Monday, April 27, 2009

Revelations

Look here. I've got something to tell you that will be usable in the real world. That's right, what I've got to tell you is mad important and will affect you directly! Allow me to explain:

This morning, I stepped into my closet and was reaching up, trying to turn the light on. Then, like magic, it dawned on me... I was having difficulty turning the light on because my light isn't one with a hanging cord, which I was trying to activate, but one with a switch that was on the wall. Woah. What a revelation. You see, it was a revelation, because it was revealed to me that the light switch was on the wall.

Now you're probably like, "Hold up. This guy can't even remember what kind of light he has in his closet, why am I going to listen to this?" That answer is simple. It was just a mistake. But forget about that story, here is a different one:

I have always hated Connan Obrien (I don't know if I spelled his name right, I don't care), for as long as I can remember, but only this week did it really hit me... See, I don't actually hate Connan Obrien. I hate his show, and I hate it because of the writers. Now, that might seem really obvious to all of you, but let me explain. Anybody can be funny. Anybody can tell a joke or get a rise out of people. And some people are really funny, and can always get people to laugh or bust out all crazy style or whatever. But it takes more than that to be a comedy writer. A comedy writer isn't just funny, because nobody wants to pay tickets to see someone who is just average funny. Nobody wants the fucking mail man to have a show where he talks about mail in a witty way all day. Comedy writers have to be 100% funny because that is the maximum amount of funniness possible.

Now, the writers for the Connan show, they're funny. And that's not good enough. But the average person doesn't realize it, because it's still funny. You watch the show and you're like, 'Eh, that was funny. ha ha.' but you don't actually consciously realize that you're just watching somebody's lame bullshit. Like Connan reads the news and some kid got neglected by his parents or something and he makes a reference to Home Alone. Any fucker can pump out that kind of trash it doesn't even take effort, but you still watch it, because it's kind of funny.

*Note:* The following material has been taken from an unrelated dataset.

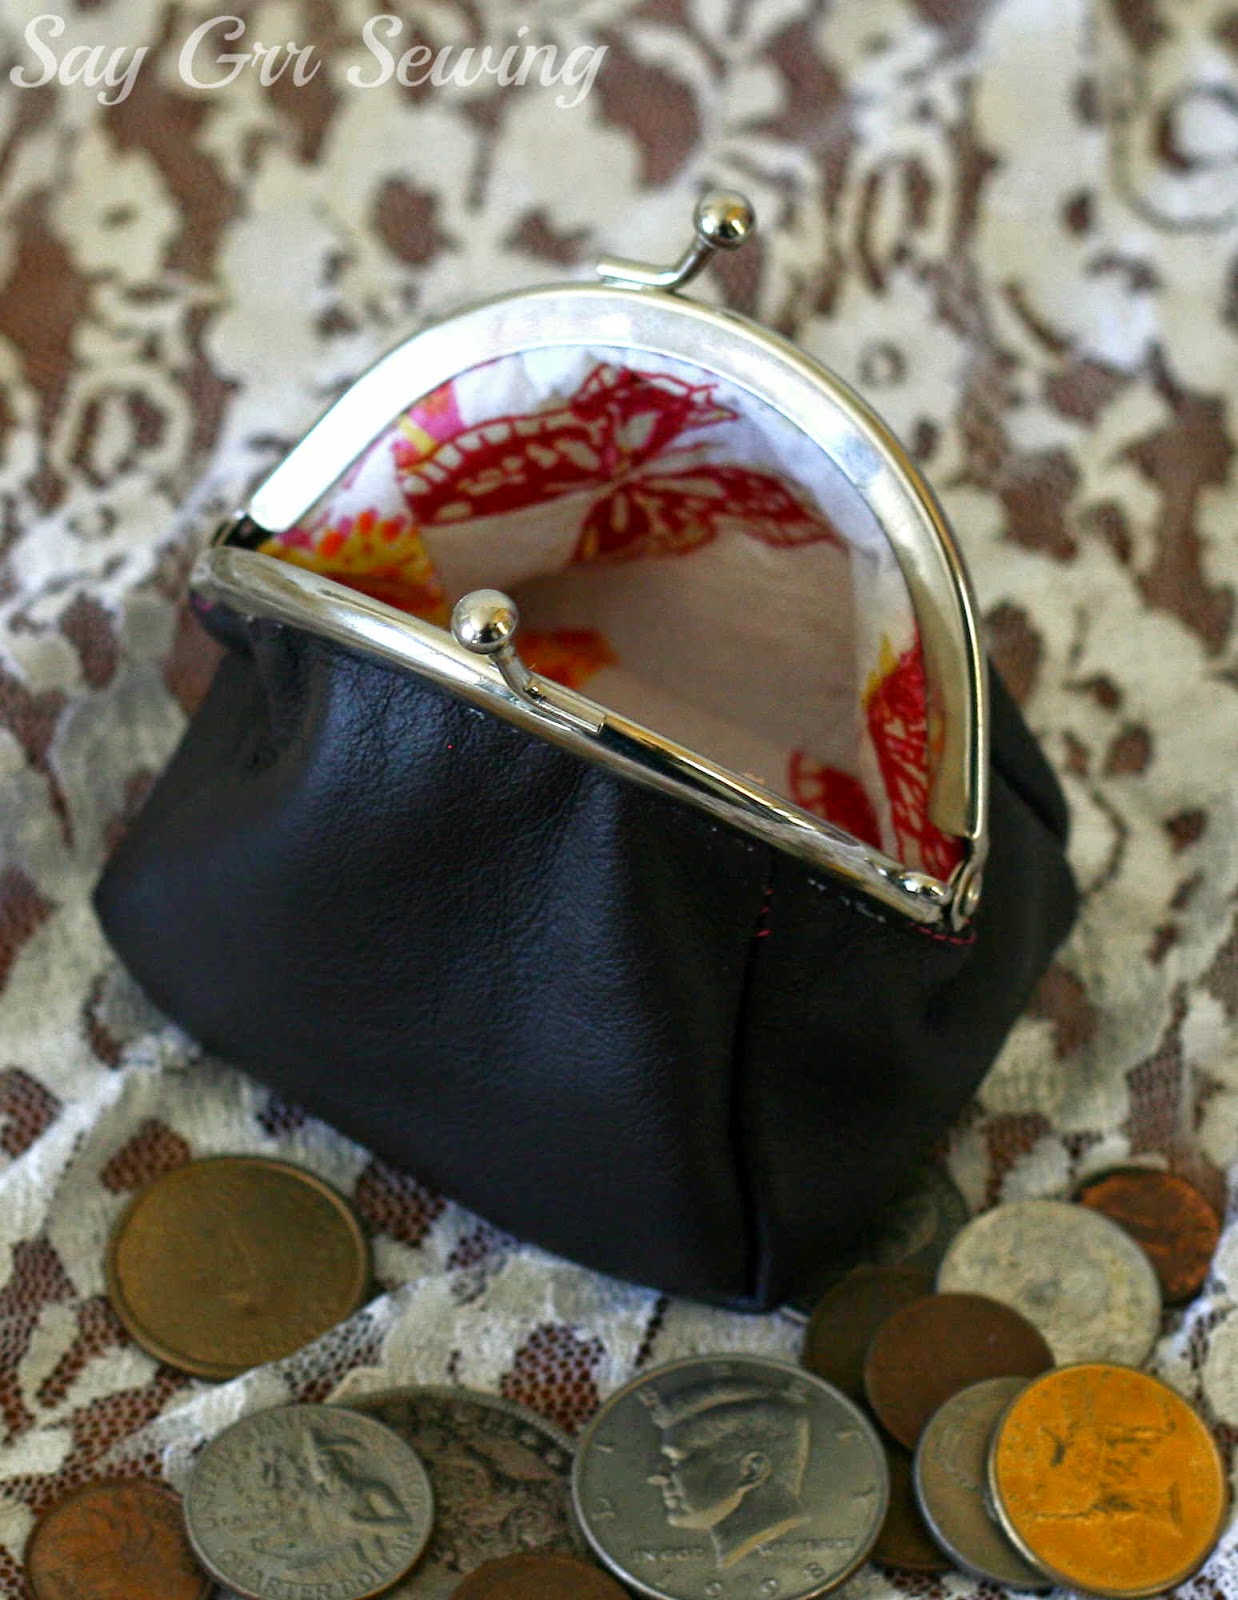 Say Grr Sewing: Leather Love Coin Purse
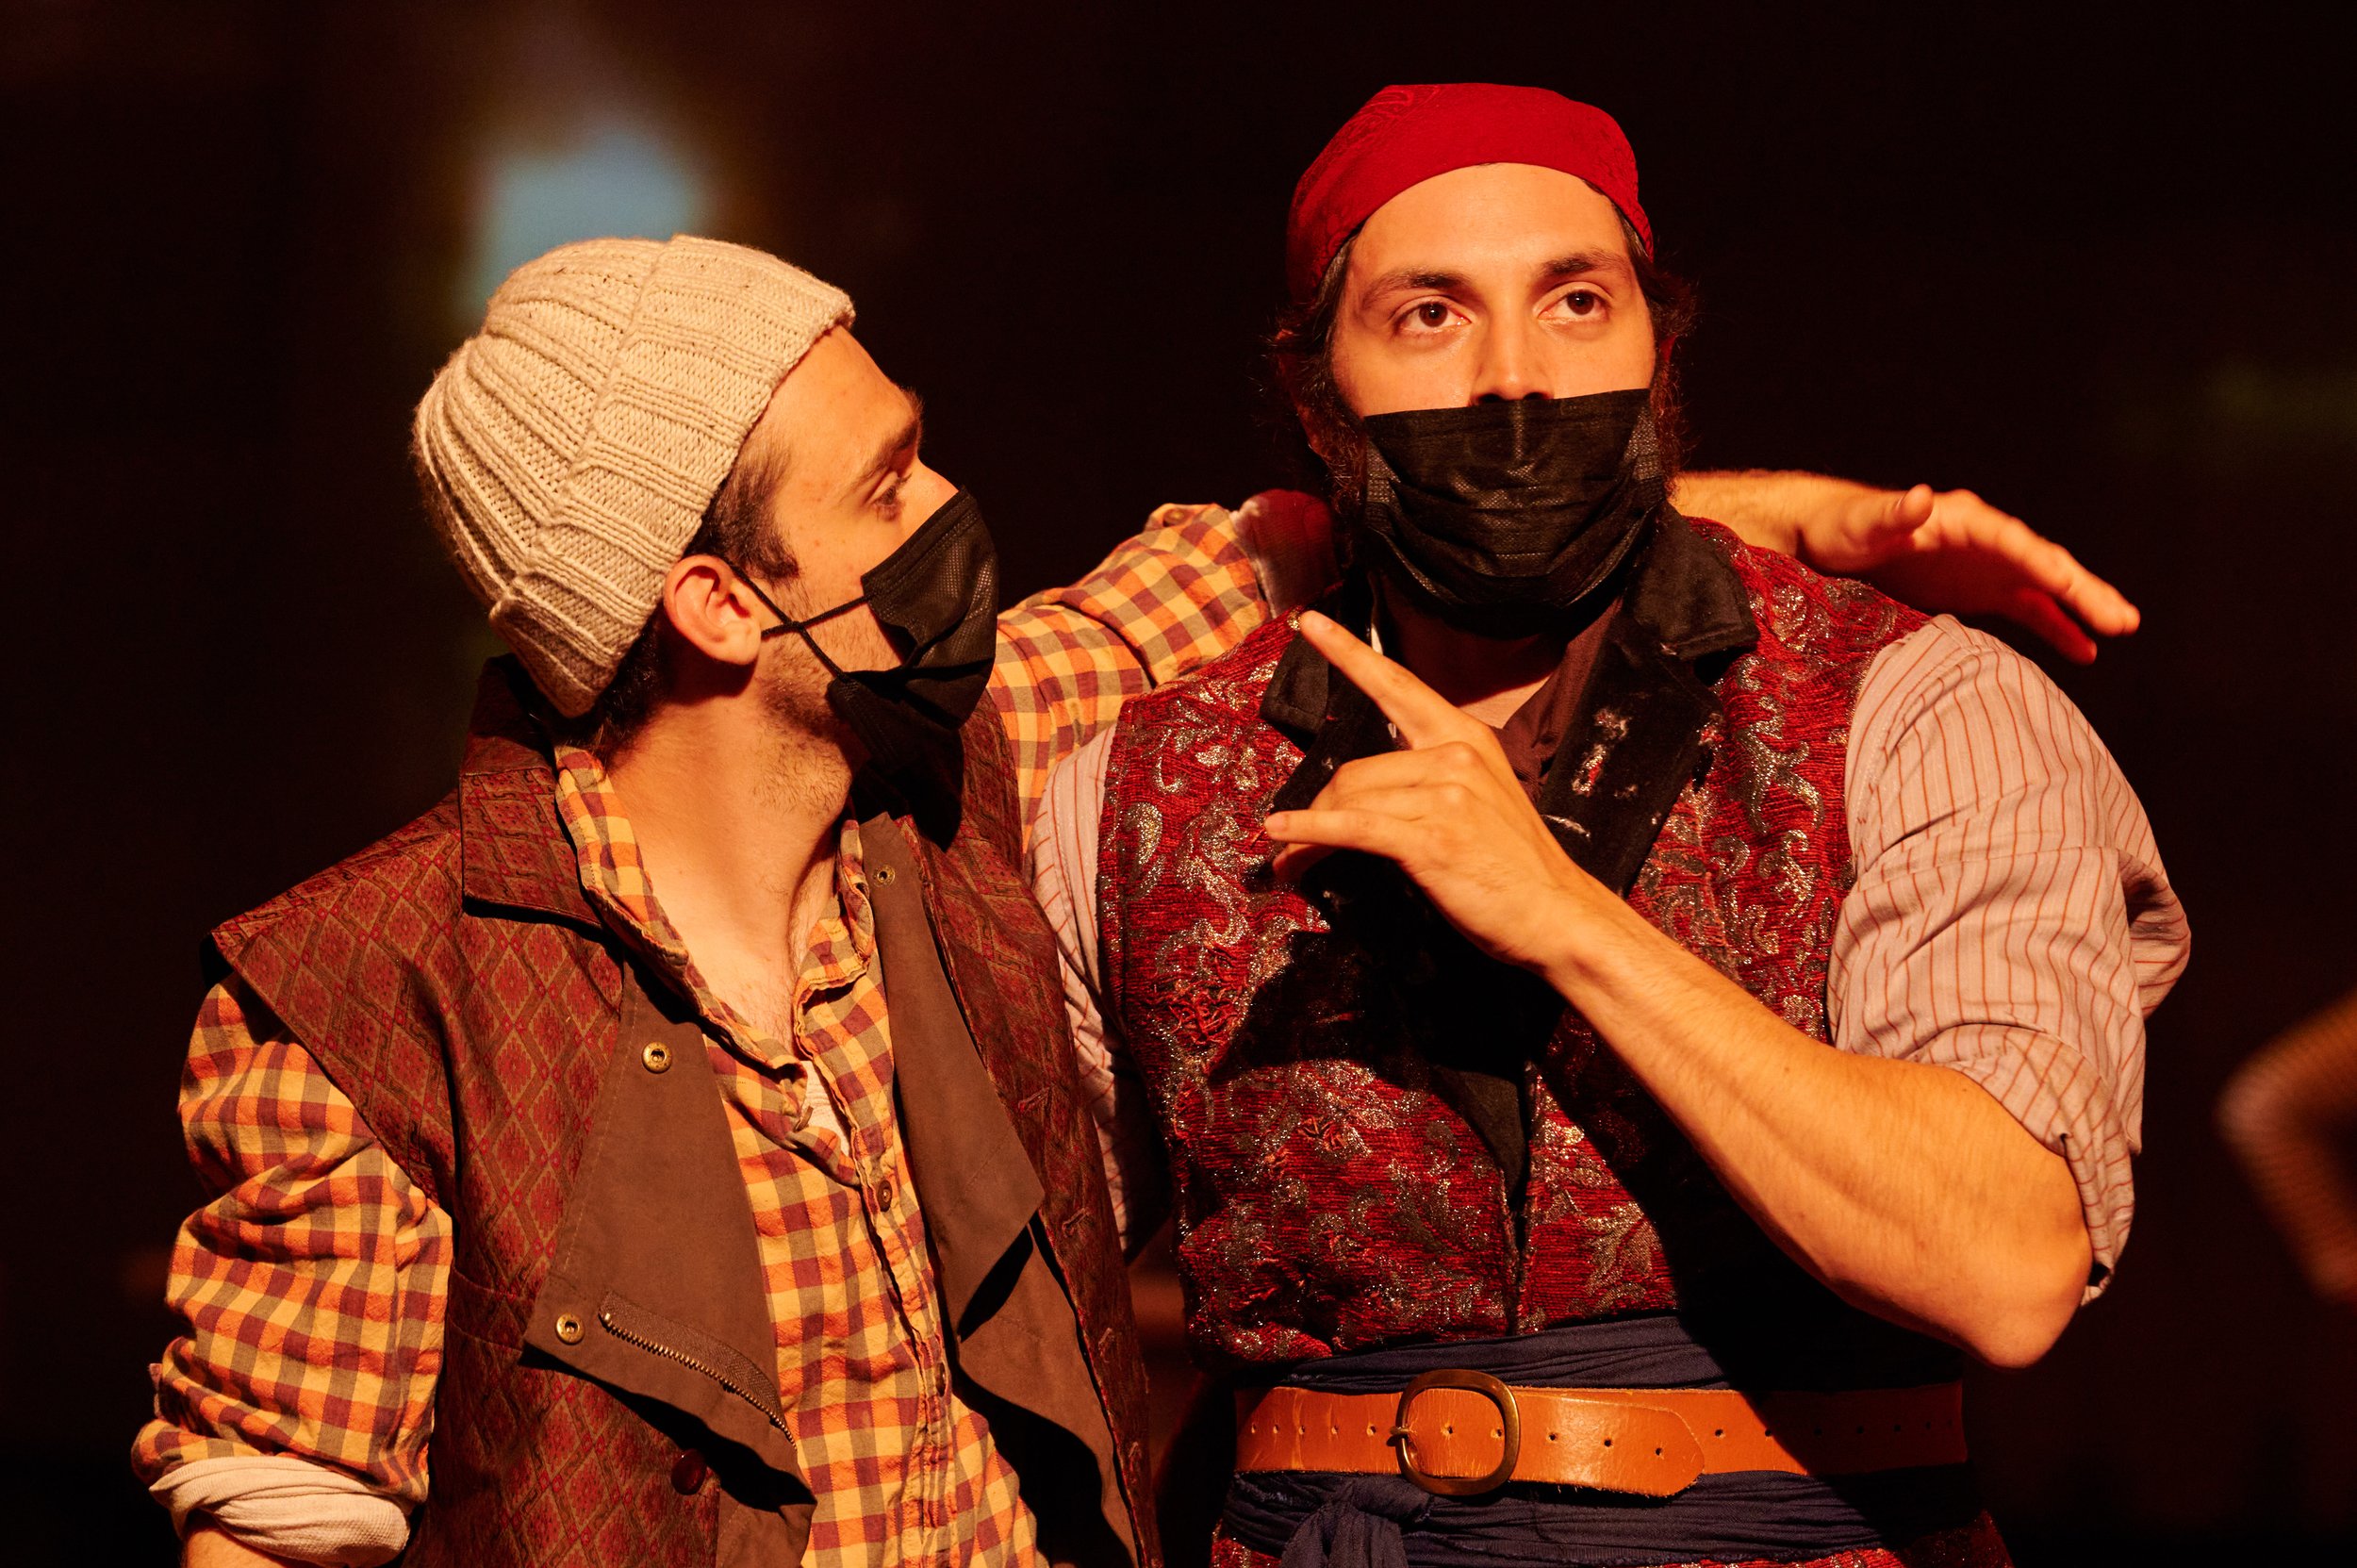  Ryan Del Papa and Ryan Dylan Wargnier during rehearsal of the Santa Monica College Theatre Arts production of "Treasure Island" at the SMC Main Stage on Tuesday, May 17, 2022, in Santa Monica, Calif. (Nicholas McCall | The Corsair)

So see, I don't hate Connan, and he's actually an ok guy it seems (did a little research), but the people who write for his show are just not that good. And that's what we call a revelation! I revel in the fact that I've got Connan Obrien on my side now. He's on the team, with me. REVELATIONS. That's what this whole thing is about.

See, in the bible, there is an entire chapter about revelations. Why? Why is there an entire chapter?! Because the bible is like instructions for life, and it wants you to know that you need to have more revelations so you're not walking around like a dumbass. Think about it: If everybody had revelations all the time, we'd all be really really smart probably! And you wouldn't have to worry where your keys are all the damn time. Just be like, 'Ah! There they are! All I had to do was look where they were, and then point at them, and tada!'. What you do now is 'I'm wandering around my house like a dumbass, because I put my keys somewhere and don't know where. I'm actually so stupid that I did something, and don't know what I did.'

So how does this affect you? You can put the bible to work for you TODAY. Here is what you do:

Two or three times a day, stop what the hell you're doing, and just try to figure something out. Like look around you for stuff, or think about what's going on, and just figure something out. Then the next time someone asks you 'What's up?', you can tell them you're not as stupid because you did something good for your mind!

Ingest it! I'm Dr. Dave and I just made a house call to your brain!